Antyle. Grupa wysp położona w basenie Morze Karaibskiego odkryta przez Krzysztofa Kolumba w latach 1492-1504. Klimat wilgotny, teren górzysty. Brzmi jak wstęp do jakiegoś niedzielnego dokumentu z TVP1, do którego głos podkładałaby Krystyna Czubówna.

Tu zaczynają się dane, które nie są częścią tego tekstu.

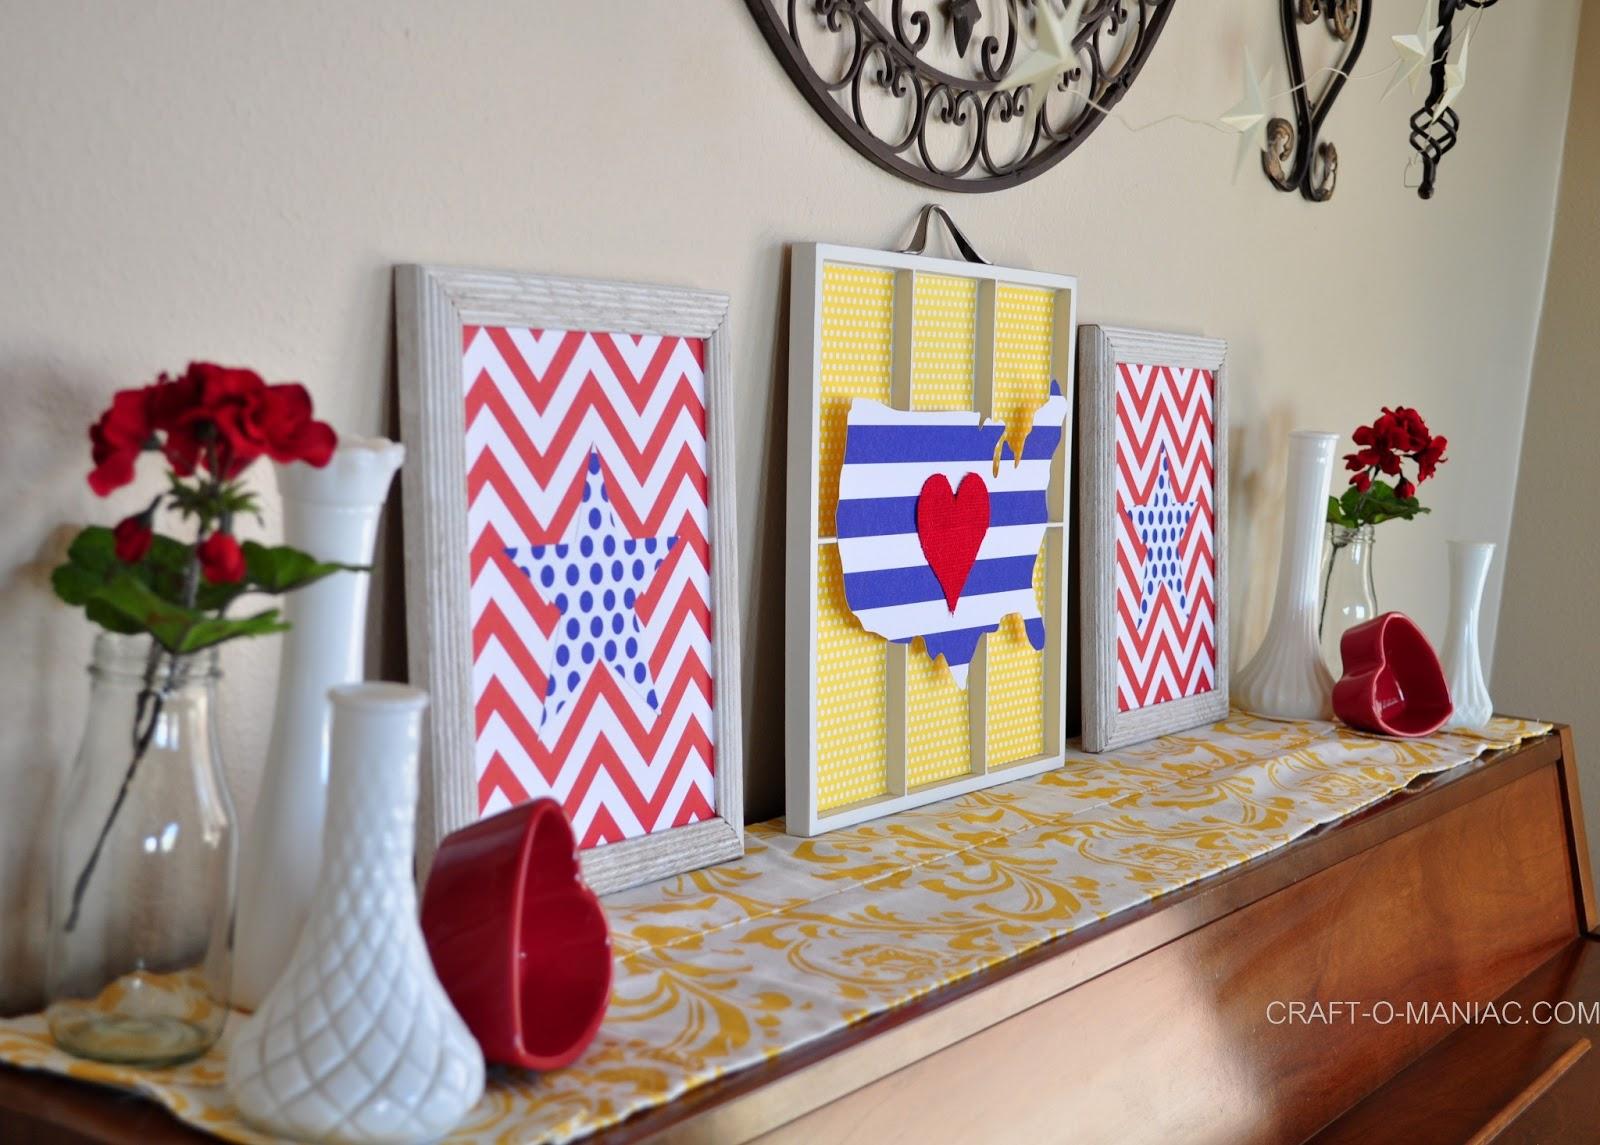 Patriotic Decor For Home: Patriotic Piano

Martynika ma w sobie jednak bardzo niewiele z takiego idyllicznego obrazu. Bezpieczeństwo utrzymuje się na bardzo niskim poziomie, a wulkaniczne tereny niemalże każdego dnia są świadkami przemocy. Wszechobecnej. Jeśli chodzi o warunki rozwoju młodego piłkarza, to również trudno o przesadny optymizm. Jeszcze 13 lat temu brakowało choćby jakiegoś prowizorycznego centrum. Jakiegoś trenera, który z czystej pasji zabrałby się za utalentowanych chłopaków. No, przynajmniej tak było w Morne Rouge – mieście rodzinnym nowego zawodnika Legii.  „Graliśmy na żwirowych boiskach. To tam nauczyłem się dryblować. Plaża, ulica, szkoła – street football to chyba dobre określenie na to, jak wyglądały moje początki” - opowiadał Steeven Langil w rozmowie dla Sportmagazine. Szczęśliwie udało mu się stamtąd wyrwać, kiedy miał 15 lat. „Szczęśliwie”, bo gdyby nie wyjechał w tak młodym wieku, nigdy nie zostałby profesjonalistą. „Pewnie skończyłbym jako podpalacz, ewentualnie włamywałbym się do banków. Tam nie jest bezpiecznie” - kontynuował reprezentant Martyniki. Wcześnie porzucił rodzinne okolice wulkanu Montagne Pelée, który na początku zeszłego wieku był przyczyną wielu szkód, ale nigdy o nich nie zapomniał. Wraz z Claudio Beauvue, dorastającym na Gwadelupie, wpadli na pomysł, żeby coś zmienić. Szukali inwestorów, żeby stworzyć choćby namiastkę centrum szkoleniowego, choć trochę uprzątnąć ten cały bałagan. „Na 10 utalentowanych zawodników, tylko jeden dociera do Francji” - mówił pełen goryczy Langil.  Chciał, żeby trenowali, żeby poszli do szkoły i skończyli z życiem po brzegi wypełnionym niebezpieczeństwem. Dopiero w Nîmes dowiedział czym w ogóle jest taktyka, jakakolwiek dyscyplina. Zamorskie rejony były tego całkowicie pozbawione. Nic więc dziwnego, że określa się je mianem „żłobku francuskiego futbolu”.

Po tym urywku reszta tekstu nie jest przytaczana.